猫の発情期とは?

発情は、猫が繁殖可能な状態になったときに起こる生理的な変化です。メスの場合、生後半年~1年あたりで初めての発情がやってきます。
発情期は日照時間と関連しており、実験的には14時間を超えて光を浴びるサイクルを作ることで発情が誘発されます。日本では、3月から9月ごろにかけて可照時間(昼の長さ)が長くなるため、この時期に発情が訪れやすく、特に春(3~5月)がピークといわれています。
太陽光だけでなく人工の光でも誘発されるため、室内で飼われていれば日照時間に関わらず発情が起こる可能性があります。
一方、オスの発情期は決まっておらず、性的に成熟した生後7~9か月ごろになると交尾が可能に。発情したメスのフェロモンや鳴き声などに誘発されて、オスも発情すると考えられています。
発情期の猫が見せる3つのサイン

発情期を迎えた猫は、どんな行動をとるのでしょうか。
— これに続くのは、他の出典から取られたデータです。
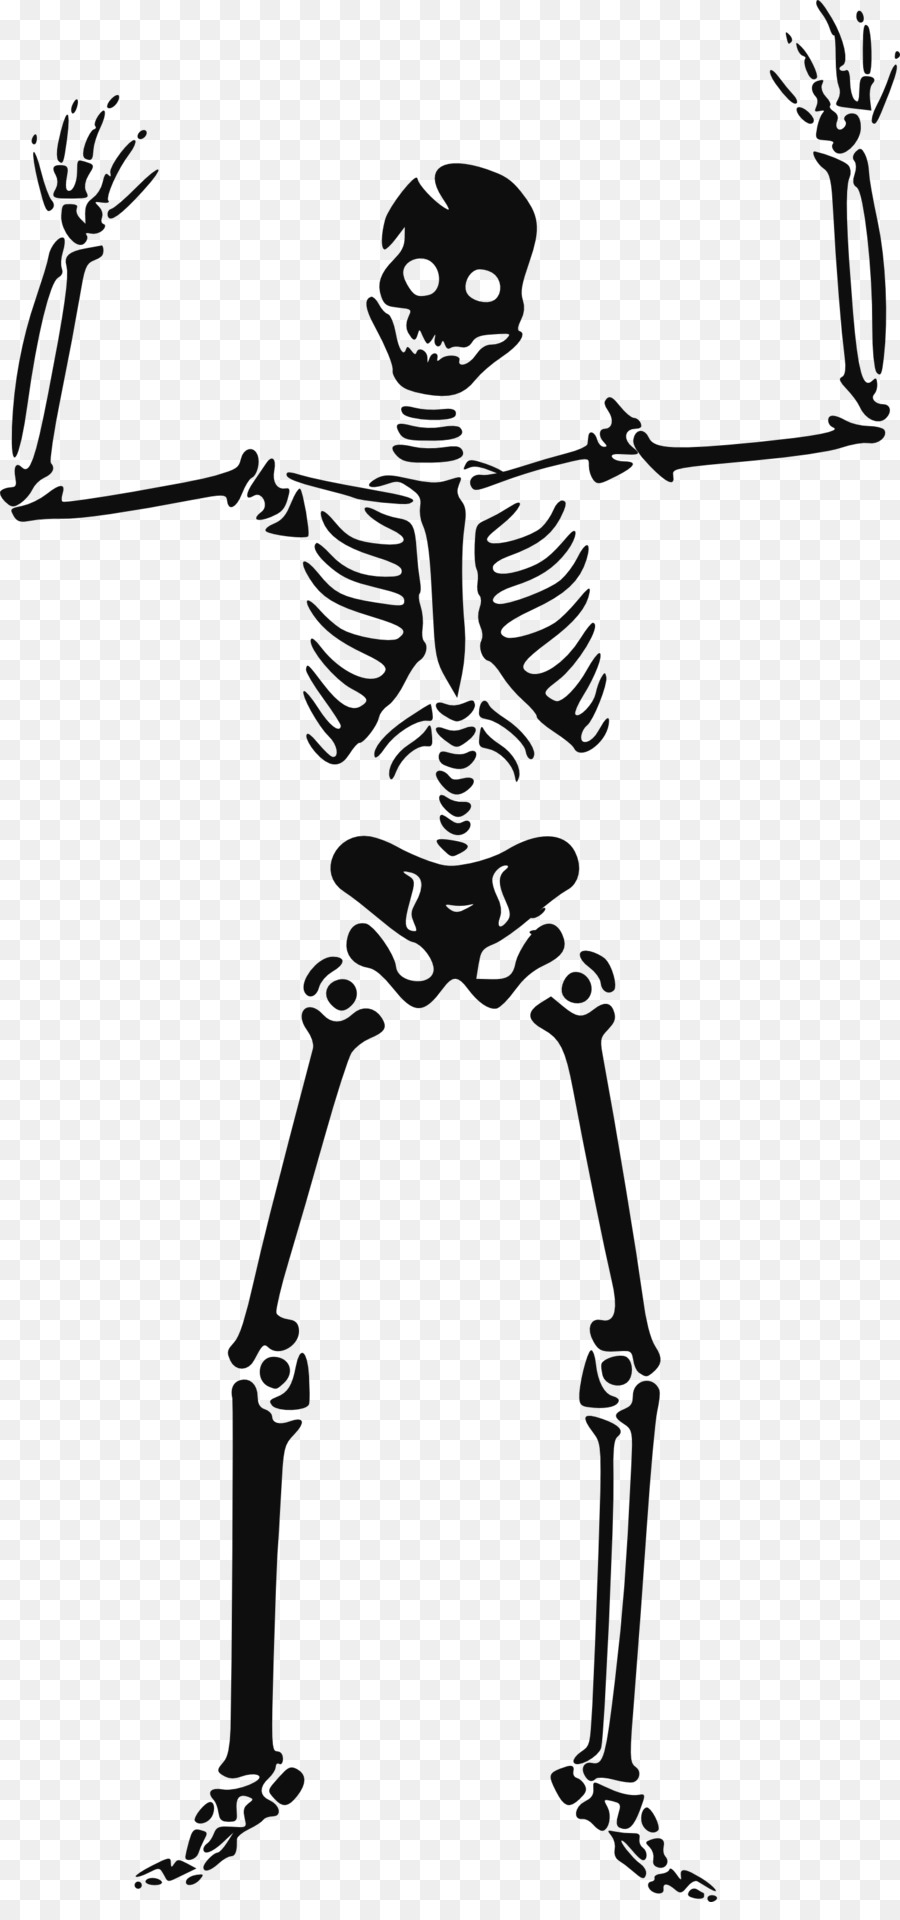 Human skeleton Skull Clip art - Skeleton png download - 1514*3200 - Free Transparent Skeleton png Download.

オスとメス両方に見られる特徴についてみてきましょう。
1.落ち着きがなくなる
メスは、オスと出会う機会を求めて落ち着きがなくなります。オスも、発情したメスの鳴き声や匂いに誘われて、ソワソワとし始めます。脱走や迷子の危険性もあるので注意が必要です。
2.大きな声で鳴くことが増える
「うおーん」と叫ぶような大きな声でメスが鳴くのに対し、オスはそれにこたえるように人間の赤ちゃんのような声で鳴きます。いずれも日ごろ聞く鳴き声とは異なった声を出します。
3.”スプレー”行為をする
少量の濃い尿を壁や家具などに吹きかけるスプレー行為。発情期を迎えたメスは、優秀なオスと交尾するために、オスはメスへのアピールのためにスプレー行為をします。
オスとメスの発情期の違いは?

発情期を迎えたメスと、オスでは、共通する特徴がある一方でやや異なる面もあります。それぞれの行動についても確認していきましょう。
メスの特徴
大きな特徴としては、腰を上げて尾を倒し、交尾を受け入れる姿勢(ロードシス)をとることが挙げられます。
また、床をゴロゴロ転がって体を擦りつけたり、食べる量が減ったりする猫もいます。
オスの特徴
すでに解説したように、オスは発情したメスに反応して行動が変化していきます。
外に出たがったり、鳴き続けたりといったこと以外に、攻撃性が増すこともあります。
他のオスにメスを取られまいとする本能が働き、飼い主にも攻撃的になることがあります。
不妊・去勢手術のメリット・デメリット

普段とは違った行動を見せる発情期の猫。猫はもちろん、人間にとってもストレスがかかります。繁殖の予定がなければ、不妊・去勢手術を検討するのも一つの手です。
手術を行ううえでのメリットとデメリットについても学んでいきましょう。
メリット
- 鳴き声やマーキング、徘徊など、発情期に見られる行動がなくなる/大幅に減少する
- 性的欲求や興奮からくるストレスを軽減できる
- 望まない繁殖や、飼い主が知らない間の妊娠などのリスクを回避できる
- メスであれば、子宮蓄膿症や卵巣腫瘍、乳腺腫瘍の、オスであれば、精巣腫瘍や前立腺疾患といった病気を予防できる
デメリット
- 手術をすると、二度と繁殖できなくなる
- 全身麻酔リスク、薬剤アレルギーや急性心不全などが起こるリスクがある。
- •食欲が増したり、性ホルモンが減ることで基礎代謝率が下がるために太りやすくなる。
まとめ

猫が突然大きな声で鳴いたり、落ち着きがなくなったりすると、飼い主は不安や戸惑いを感じるかもしれません。しかし、発情は猫にとって子孫を残そうとする本能からくる自然なもの。
叱ったり、無理に抑えるのではなく、「今はそういう時期なんだ」と理解することが大切です。
一方で、発情期の行動は猫自身のストレスや、病気のリスクにもつながります。
繁殖を望まないのであれば、去勢・不妊手術を検討することをおすすめします。
悩んだり迷った際には、ぜひ獣医師にも相談を。
正しい知識と理解をもって接することで、愛猫との毎日がより快適で幸せなものになります。